Billiar will lead microfluidic laboratory experiments that will stretch tiny amounts of biopolymer materials and expose them to fluid flows to examine how cells attach, proliferate, and migrate. A total of 18 undergraduate students will be involved in the project.
The project builds on Billiar’s previous work, which has examined how cell death leads to calcium deposits in heart tissue that cause aortic valves to fail and how mechanical forces and stresses affect programmed cell death.
When valves cannot be surgically repaired, doctors may replace a damaged valve with a mechanical valve made of durable materials such as carbon, or a valve made from animal or human heart tissue. Both types of valves, however, have limitations: Patients with mechanical valves must take blood thinners regularly to avoid clotting problems, and valves made from living tissue break down over time. More than 200,000 heart valves are replaced worldwide every year.

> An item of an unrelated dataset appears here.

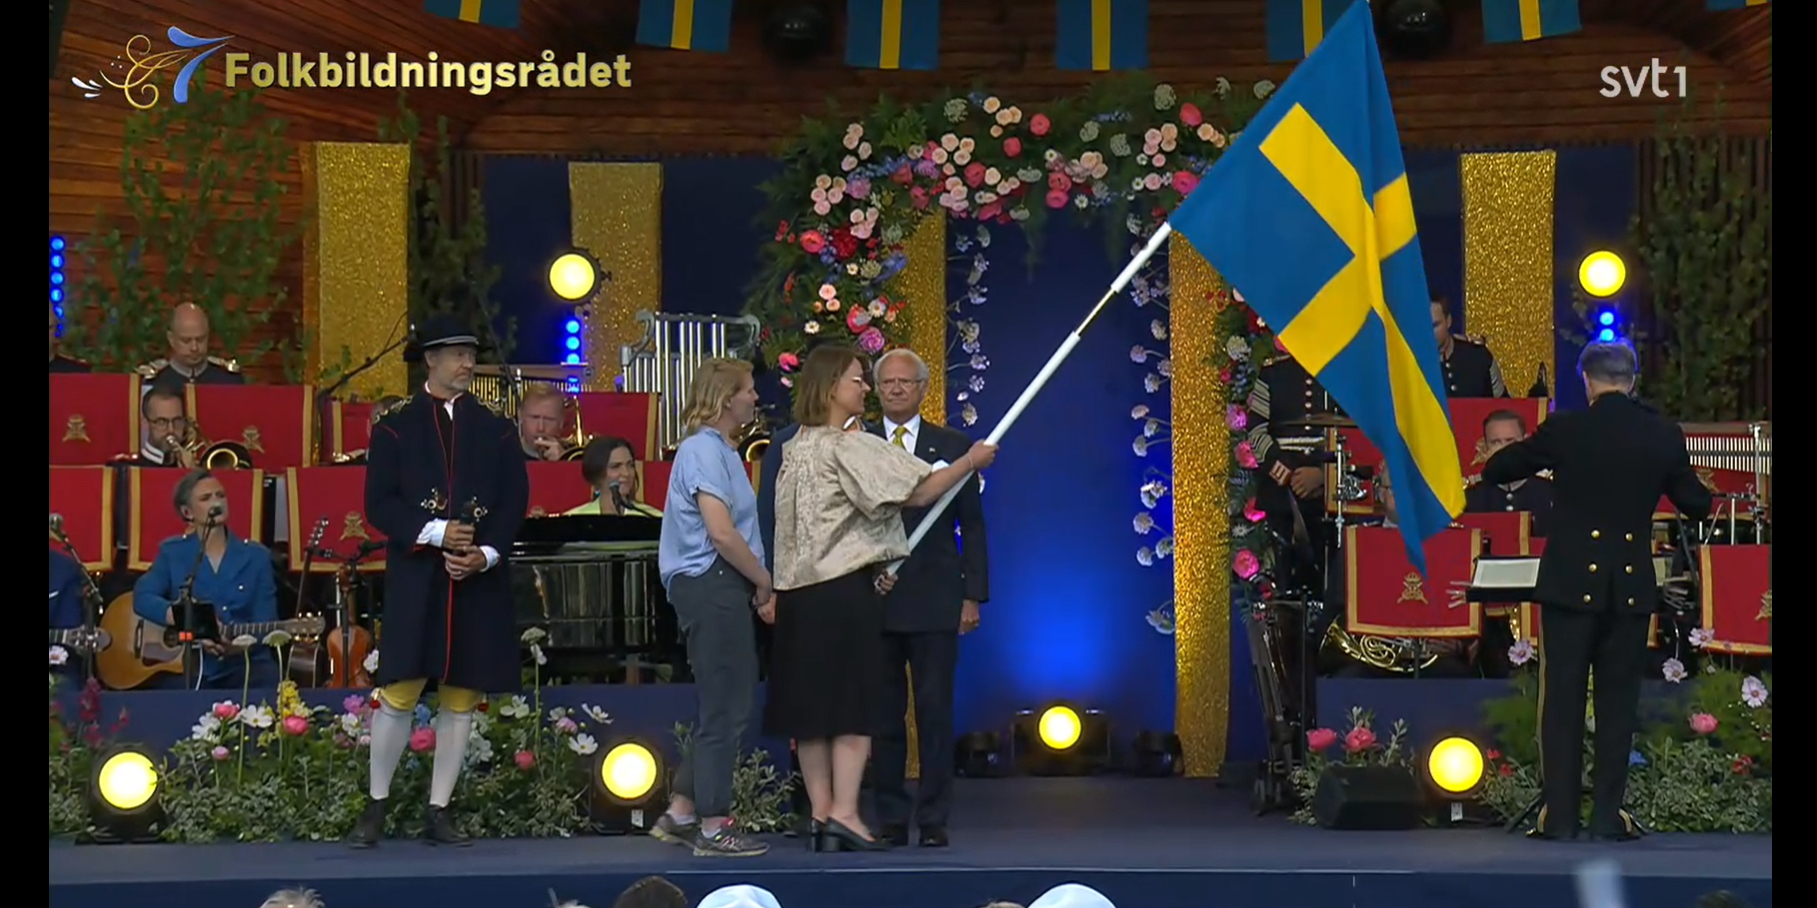 Skärmklipp från tv-sändning. Folkbildningsrådets företrädare har tagit emot en svensk fana från Kungen.

Experimental technologies involve using materials such polymers, similar to those used in absorbable surgical sutures, or biopolymers such as collagen, to build scaffolds that could be implanted in a heart valve. Over time, the body’s heart cells would grow a new living valve on the scaffold.
“Cancer and wound healing occur in moving tissues, too,” Billiar says. “My lab group hopes that our work will encourage researchers to adopt dynamic, moving methods to study how cells move, grow, and differentiate into other types of cells in the body.”